How to make bechamel sauce with a delicate taste and without lumps

If for an ordinary housewife bechamel is something refined and sublime, then in the world of professional chefs it is a necessary base. The ability to cook this light white sauce is a kind of pass to the world of haute cuisine. Moreover, ignorance of the basic recipes and techniques for preparing bechamel is considered bad form. Therefore, if you seriously decided to expand your cooking skills, you know where to start. Having mastered the classic recipe for bechamel sauce, you will open a new culinary page full of original flavors and tastes.

30 min
167,33
10 servings
Medium difficulty
How to make bechamel sauce with a delicate taste and without lumps

Most classic sauces were invented during the Roman Empire. But they became world-famous thanks to the French court chefs. To date, France has presented the world with about 3 thousand kinds of various sauces. But they are all based on five basic recipes.
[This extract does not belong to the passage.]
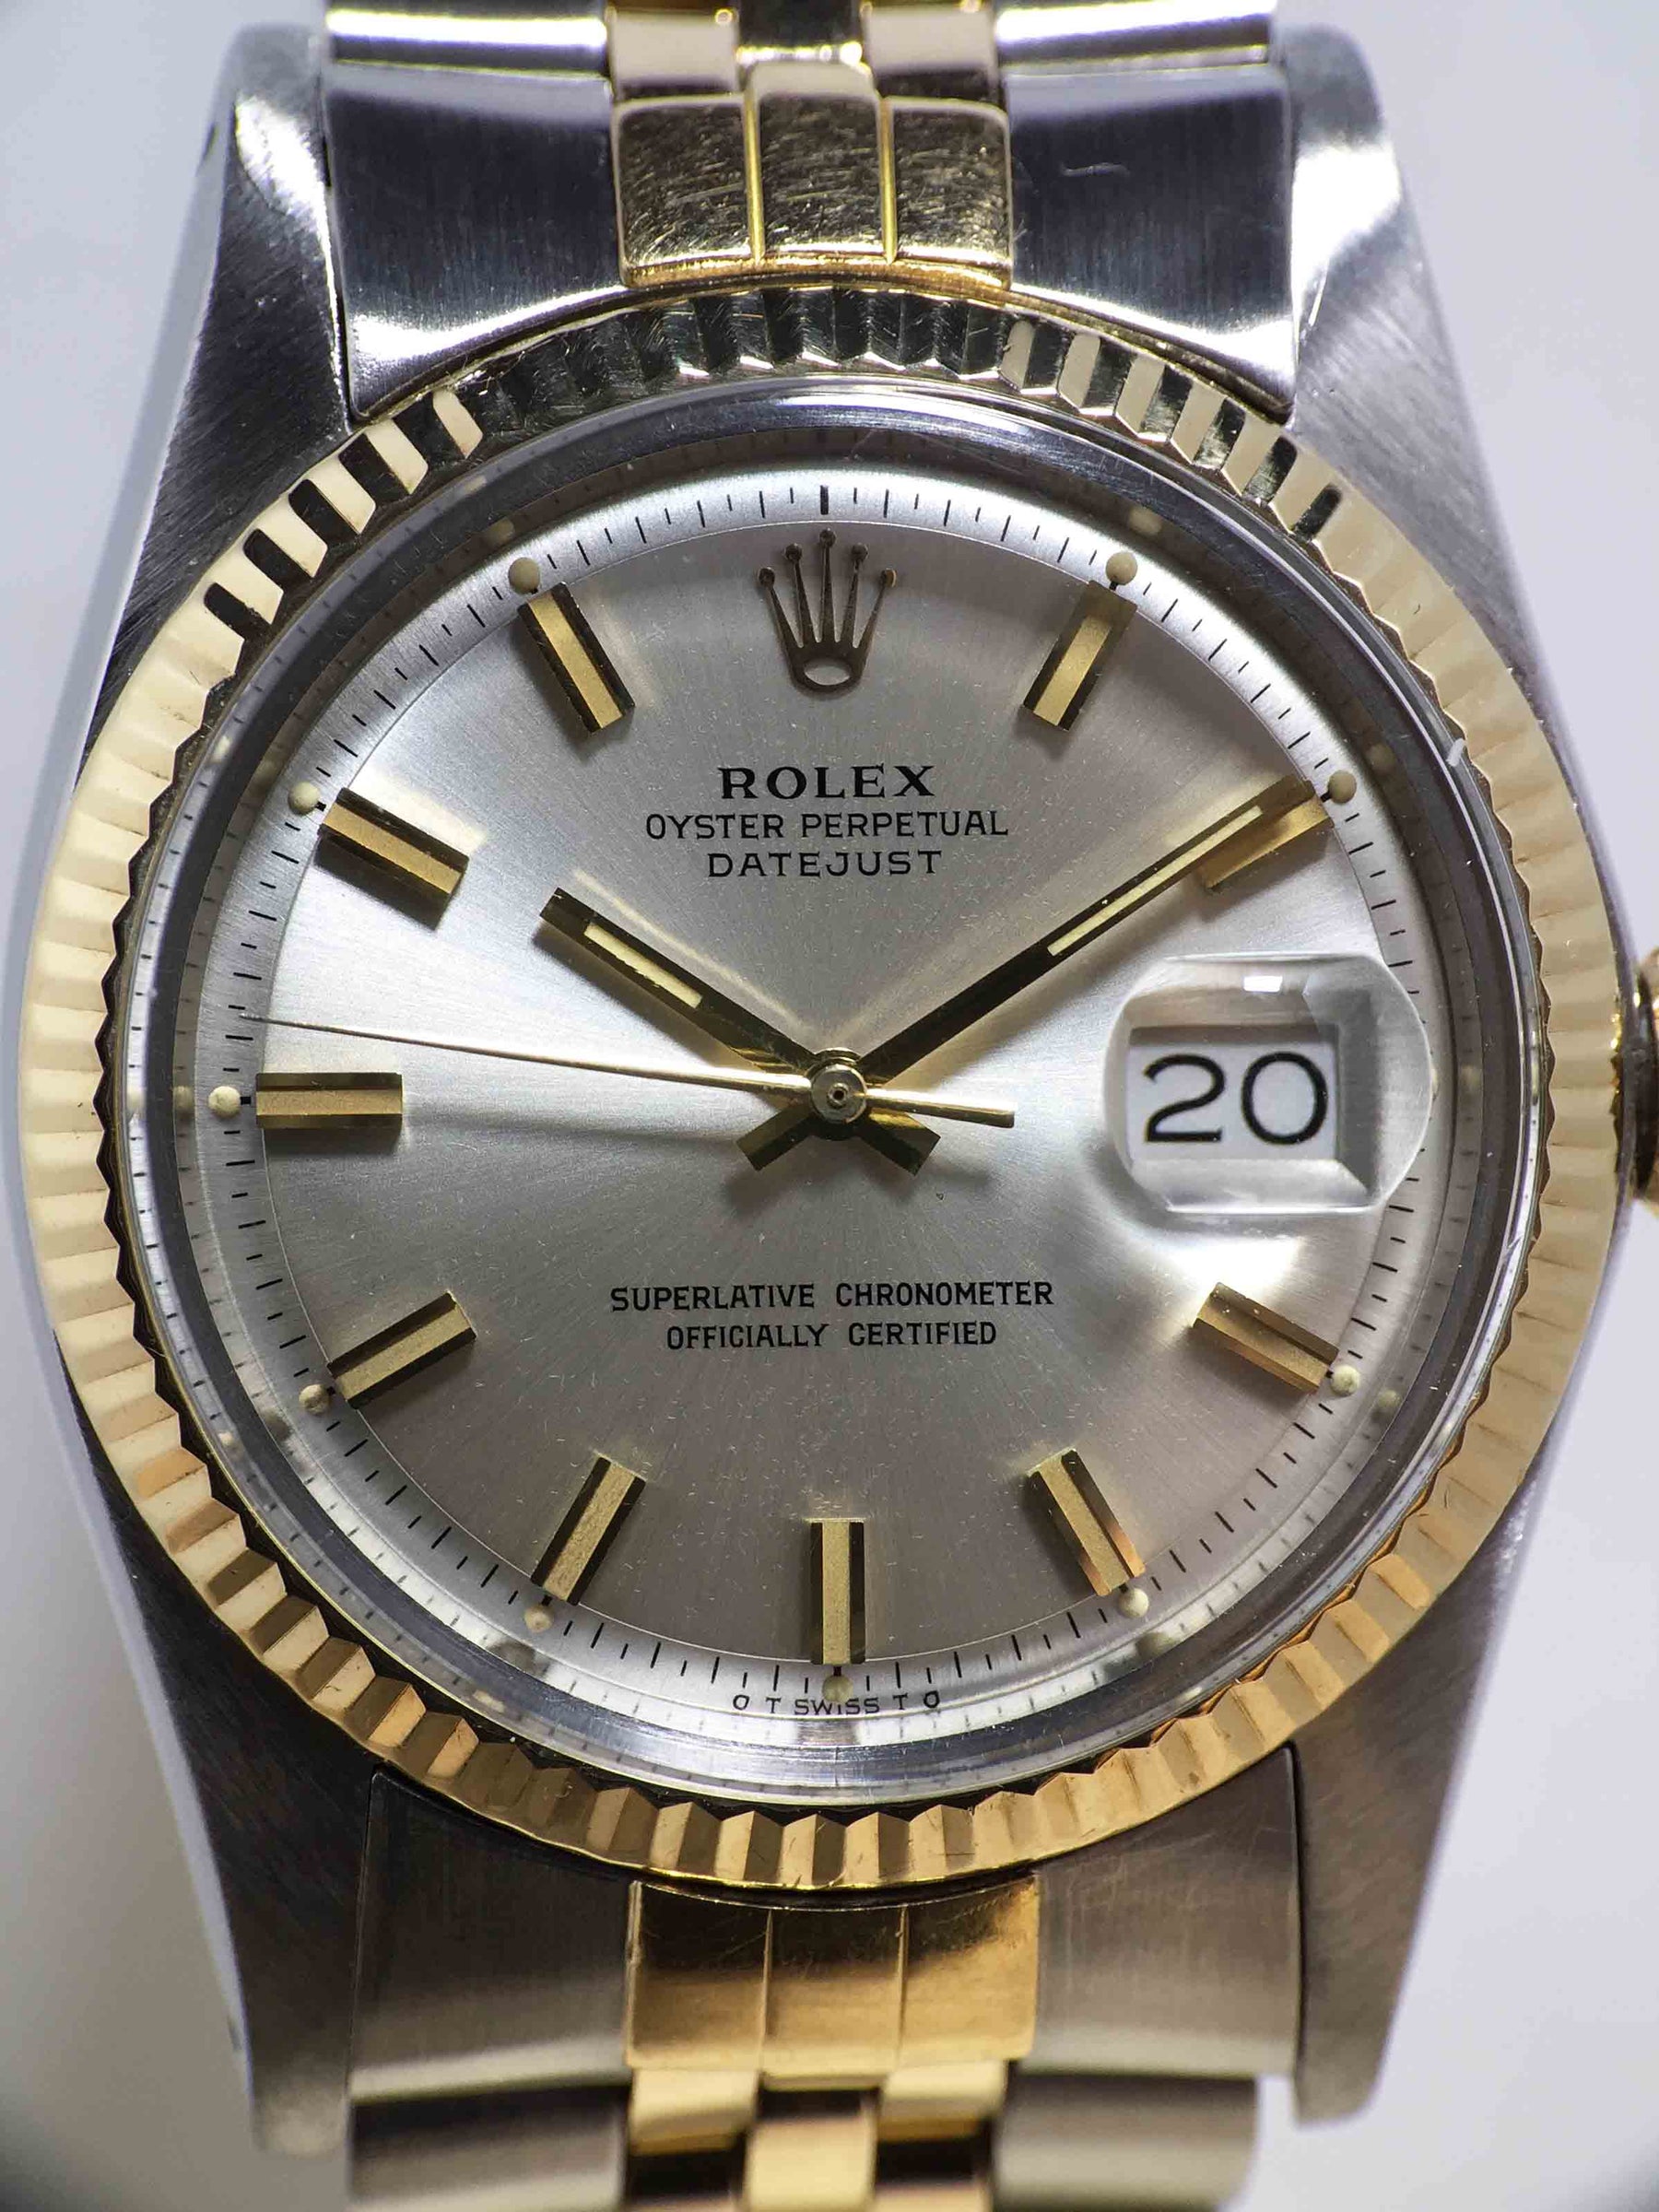 1973 Rolex Datejust Sigma Dial St/G Ref. 1601

  1. Bechamel. It is prepared on the basis of butter, white flour and milk. The Italians also liked the sauce, which season them with lasagna and pasta.
  2. Velut. It is prepared on the basis of light meat or fish broth with the addition of flour and butter. The delicate taste of the sauce is in perfect harmony with meat dishes and seafood.
  3. Espanyol. It differs from previous sauces in that the butter-flour mixture is fried to a dark brown color. The veal broth and tomatoes add a rich flavor to the sauce. Espanyol is usually prepared in large quantities, then to freeze and add to dishes as necessary.
  4. Tomato. The basis is fresh tomatoes and olive oil. Onions, garlic and aromatic herbs are added to taste. This is the most popular sauce, which is used in almost all cuisines of the world.
  5. Dutch. It is prepared on the basis of egg yolks and butter. A smooth creamy sauce reminiscent of mayonnaise blends best with seafood and vegetable dishes.

Classic bechamel sauce recipe

Features. All experiments at the stove begin with basic classic recipes. If you decide to go up a notch in culinary art, a step-by-step recipe for bechamel sauce for lasagna, moussaka, pasta and other popular dishes will become a solid foundation for further development. For more than three hundred years, the cooking technology and set of components are unchanged.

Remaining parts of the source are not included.